The things I’ll keep

The+things+Ill+keep

Ilena Peng

My childhood struggle with the concept of memories materialized in a form that almost all children can relate to — stuffed animals. I’d leave the house with my mom for a walk, stuffed animal in hand. And often, I’d return without it, bursting into tears upon realizing that it was gone far too late. I could only remember it being there and being gone — never anything in between.

Teary-eyed, I kept losing things for another five years or so — jackets, toys, pencils. My mom always reassured me that they were replaceable, but what frustrated me was the way my mind faltered when I tried to retrace my steps. I wasn’t terrified of losing those items — I forgetting about them altogether.

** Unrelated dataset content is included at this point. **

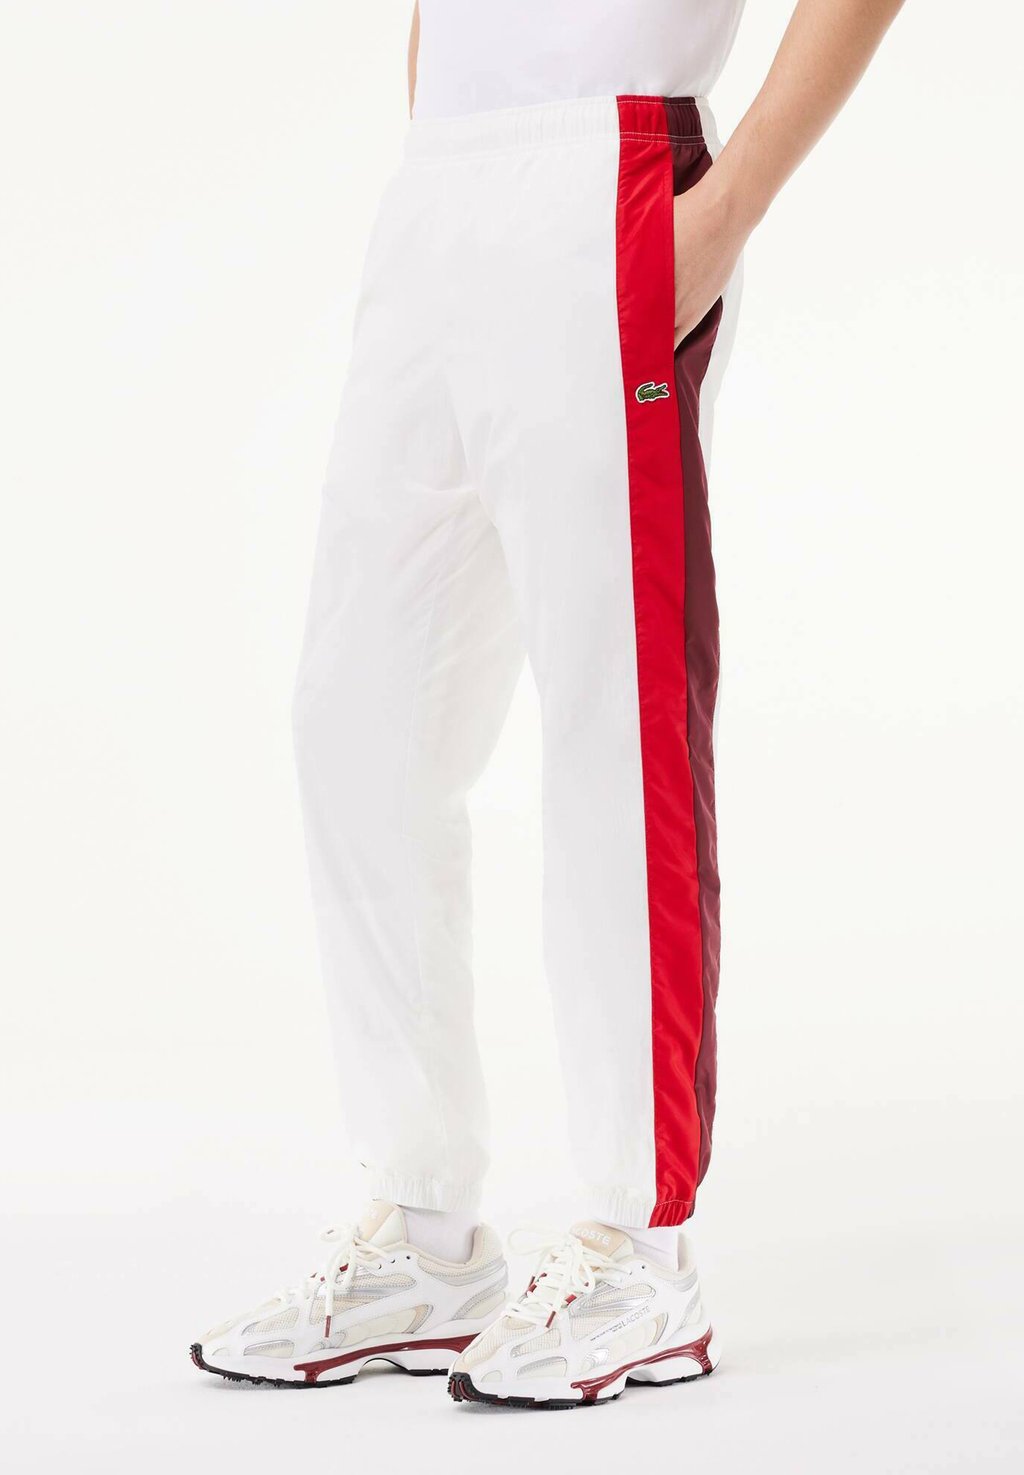 Спортивные штаны Lacoste, цвет blanc bordeaux rouge igy кепка ziener igy коричневый
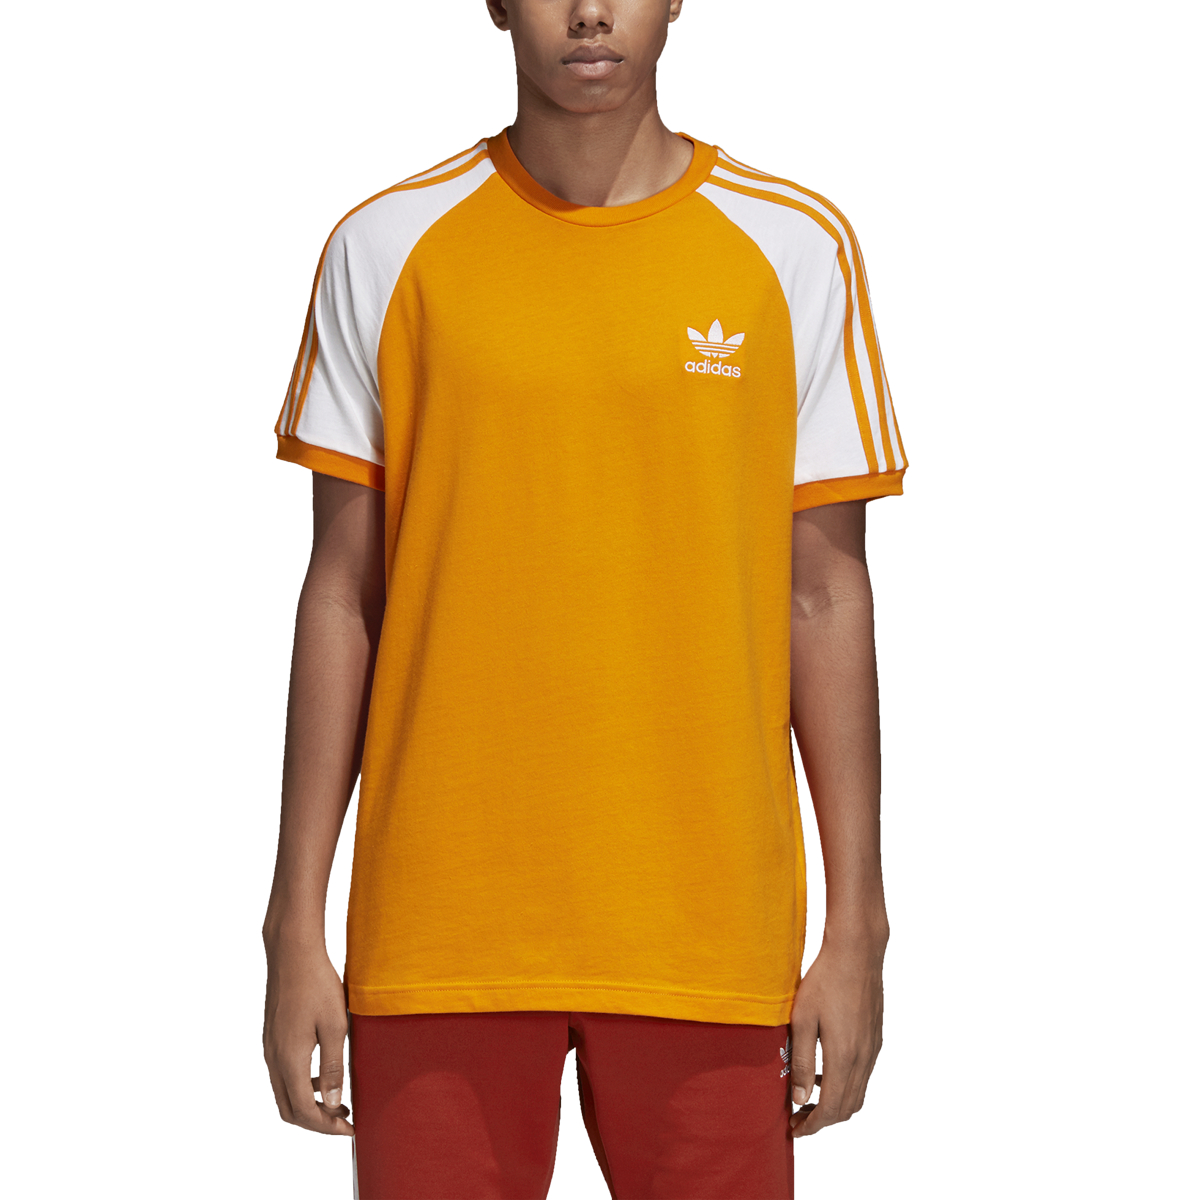 white adidas with orange stripes

And the terror of forgetting spawned a series of collections, some more ridiculous than others. A binder full of National Park brochures, a row of bags filled with every dance costume I’ve ever worn, a plastic cup from the Hilton hotel we stayed at in Hawaii. This was my way of preserving the details. I wanted the ability to put myself back in that place, to hide in the past. I’d never want to go back to high school. But I know that next year, I’ll try to remember this place again and again, craving the comfort of nostalgia.

I remember the room filling with incessant shouting during APUSH group quizzes and then a sudden silence as we hoped we’d gotten the answers right. I remember leaning my elbows on the stage to take a picture during a drama production’s dress rehearsal. I remember decorating the whiteboard in room A111 with green and red markers, even though Christmas was three months ago.

Most of high school feels like a blur of stereotypes — muted whispers of stress, faint memories of exams, quiet chirps of birds reminding me I should probably be asleep by now. Yet these are some of the moments that stand out boldly against the monotonous backdrop of school. They would be impossible to forget. But that doesn’t stop me from hanging name tags from my lamp, leaving hotel room keys on my bedside table and listing the events of my life in a journal.

Other things are harder to remember — the feel of my worn polyester-silk blanket, the taste of my favorite Earl Grey milk tea from TeaTop, the melody of my mom’s favorite Taiwanese songs. I’ll try to remember that one time in fourth grade when the air smelled like peppermint after one of California’s rare rains. I’ll try to picture the green filter of trees curving overhead to form a tunnel along my favorite path. I’m clinging onto these feelings, somehow fearful that the memories will dissolve when I leave this city.

It’s only now that I realize that I do remember some of the things I left behind. I remember an olive-green knit jacket sitting on a table next to the door of my elementary school music room. I remember leaving a bunny patterned with glow-in-the-dark stars behind in the dirt lining the sidewalk on one of those walks with my mom.

If I can remember those moments, surely I will remember these places and the people who occupy them. Surely it’s impossible to forget the laughter surrounding our family’s mahjong table, the time my sister came to the airport just so she could hand me my new stuffed animal the instant I got into the car, or the conversations I’ve had at 2 a.m. about French homework and friend drama.

I’m scared that somehow the future will find a way to replace these memories because I need them — they give me familiarity in a world where every day is a series of unanswered questions. In June, I’ll leave MVHS. Two months after that, I’ll find myself alone on the other side of the country. I know I can’t take all the little trinkets I’ve stashed in my room with me, and I’m scared that without them, I won’t be able to remember what it felt like to be home.

I will always stay in the compulsive habit of dividing my life into collections and journals, but next year will be different. Next year, the collections themselves will be divided — my treasured pile of mementos will stay here as another pile builds in my dorm room. Maybe I’ll become so preoccupied with remembering those new moments that this life in Cupertino will seem like it’s fading away.

In those moments when I feel too close to forgetting, I’ll comfort myself with the knowledge that these collections will never be more than a flight away. These memories will never be more than a daydream away. Besides, I still remember the little bunny patterned with glow-in-the-dark stars, and I think that perhaps I’ve broken my childhood habit of forgetting.